Каким-то образом до народа дошло, что винить надо наших гостей, а значит, и нас. Подъезд поглядывал косо и на маму и на отца. Однако не таков был рынок, чтобы сразу свернуться и сдаться: милиция перенесла толкучку подальше по шоссе Энтузиастов, чуть не к Перову. Но там кипел и гудел свой, Перовский, тоже знаменитый рынок. И со временем, довольно скорым, Перовский остался на своем месте, а Рогожский, яко птица феникс, восстал там же, где был, и кипел и гудел еще много лет, как прежде.

Мы с Таней Боборыкиной влюбились друг в друга сразу, еще не познакомясь, в автобусе, который вез нас в пионерский лагерь. Она с девочками сидела сзади, а я впереди. И поэтому всю дорогу вскакивал, крутился, выискивал ее среди других - поймать ее взгляд. Она тоже отвечала своими внимательными глазами. Начиная с этого автобуса, я думал только о ней, хотел увидеть. По мне она была самая красивая, самая лучшая. Коротко стриженные светлые локоны распадались вокруг лица, глаза занимали так много места, что еле оставалось носу и рту. Ноги-руки длинные, и вся фигура вытянутая, стройная, гибкая. Быстроногая к светлая, заметная девочка. Лучше всех.

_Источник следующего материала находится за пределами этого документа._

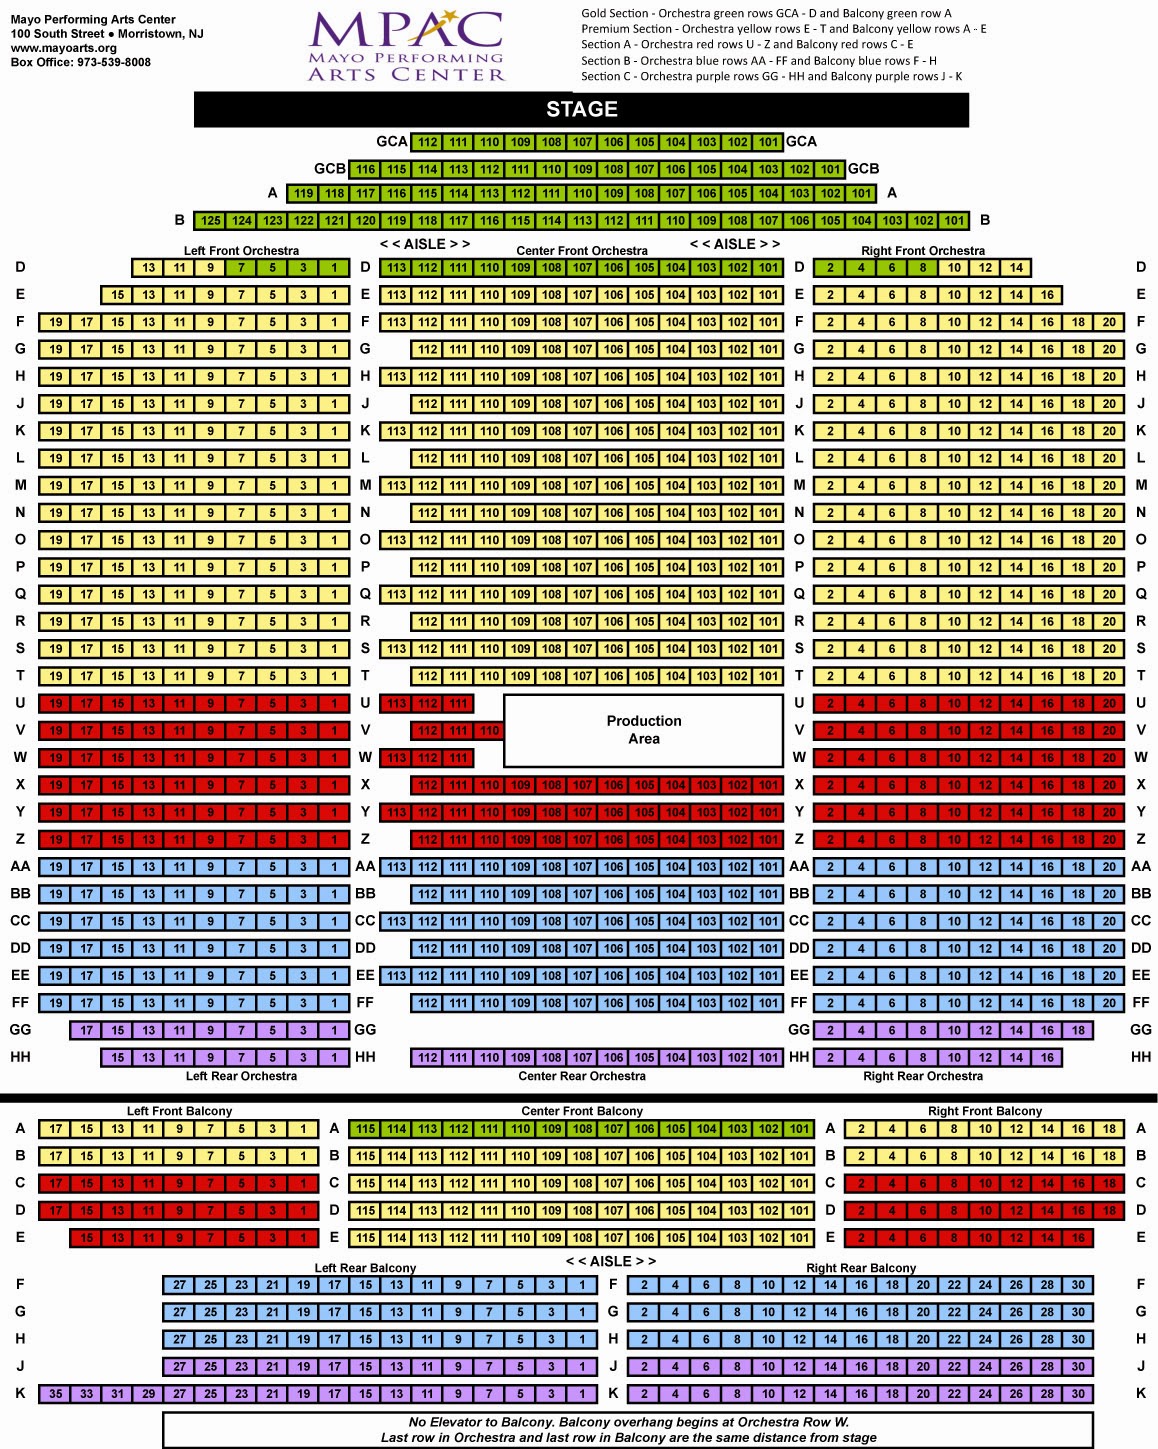 Macha Theatre Seating Chart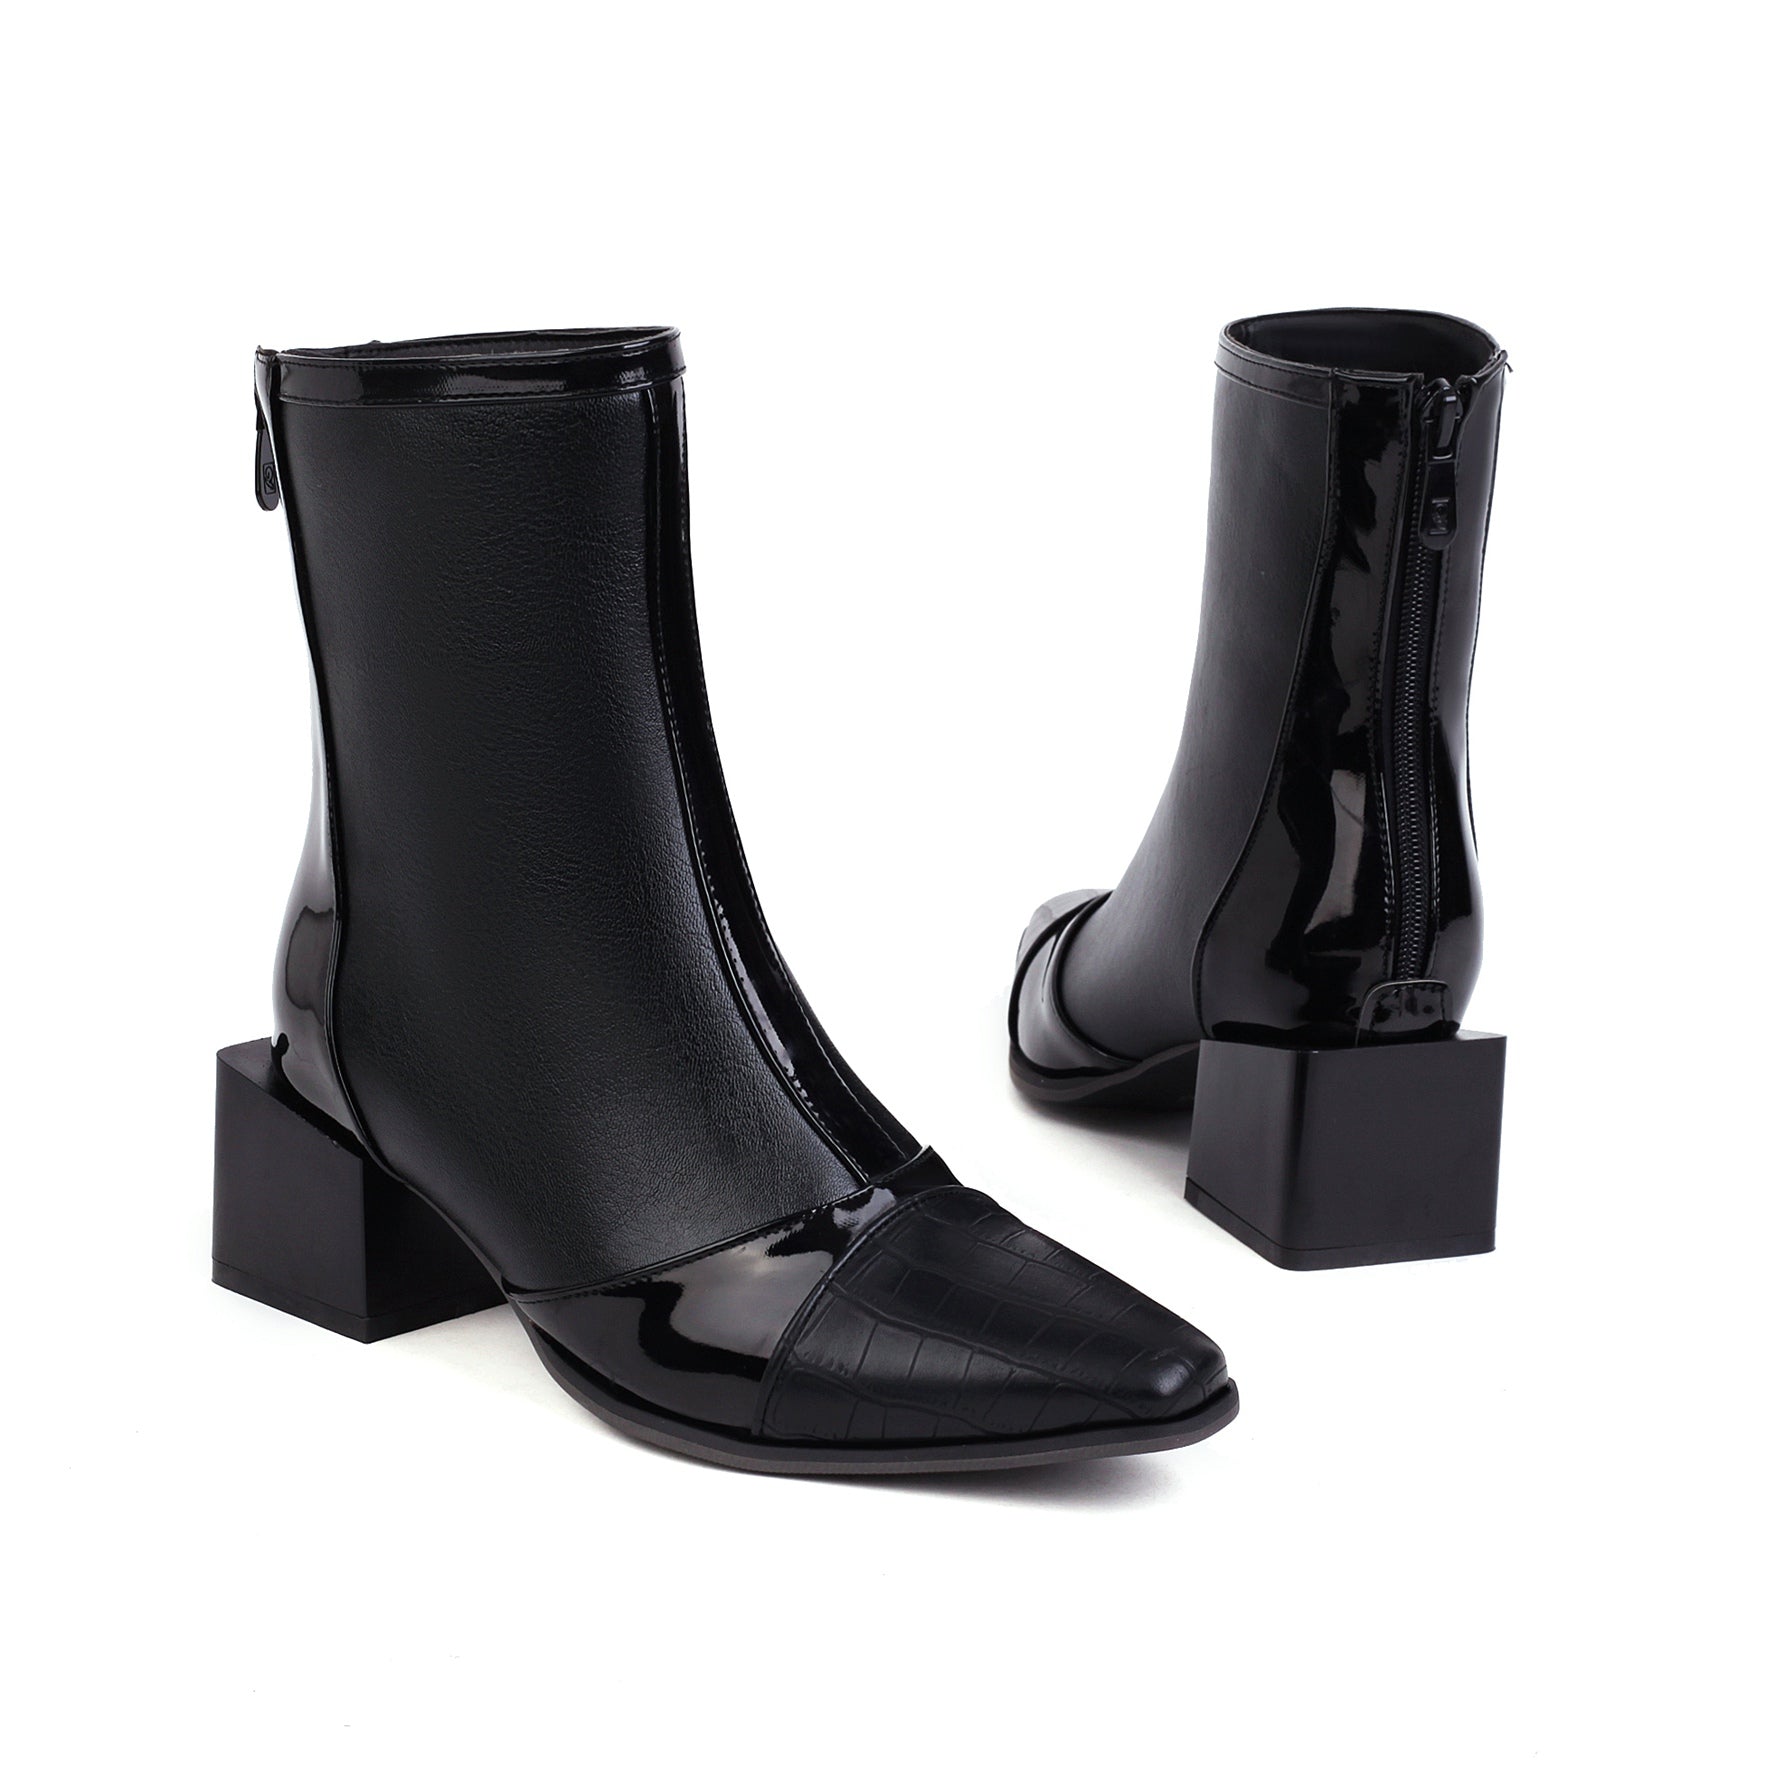 Bigsizeheels Stylish Side Zipper Pointed Toe Chunky Heel Ankle Boots - Black freeshipping - bigsizeheel®-size5-size15 -All Plus Sizes Available!

Советское дитя, я рос по детским садам, во дворе, а летом, конечно, в лагере. Дома я больше всего любил оставаться один, читал, рисовал, мечтал, играл с соседским, младше меня Игорьком в солдатики. На людях был дико застенчив, особенно с женщинами, девочками, пунцово краснел, если в трамвае вдруг нравилась кондукторша. Но среди своих, с ребятами в школе, в лагере становился волен, смешлив, смел, острил и паясничал, умел копировать и передразнивать других людей. Несмотря на лагерную казенщину я любил лагерь, ребят.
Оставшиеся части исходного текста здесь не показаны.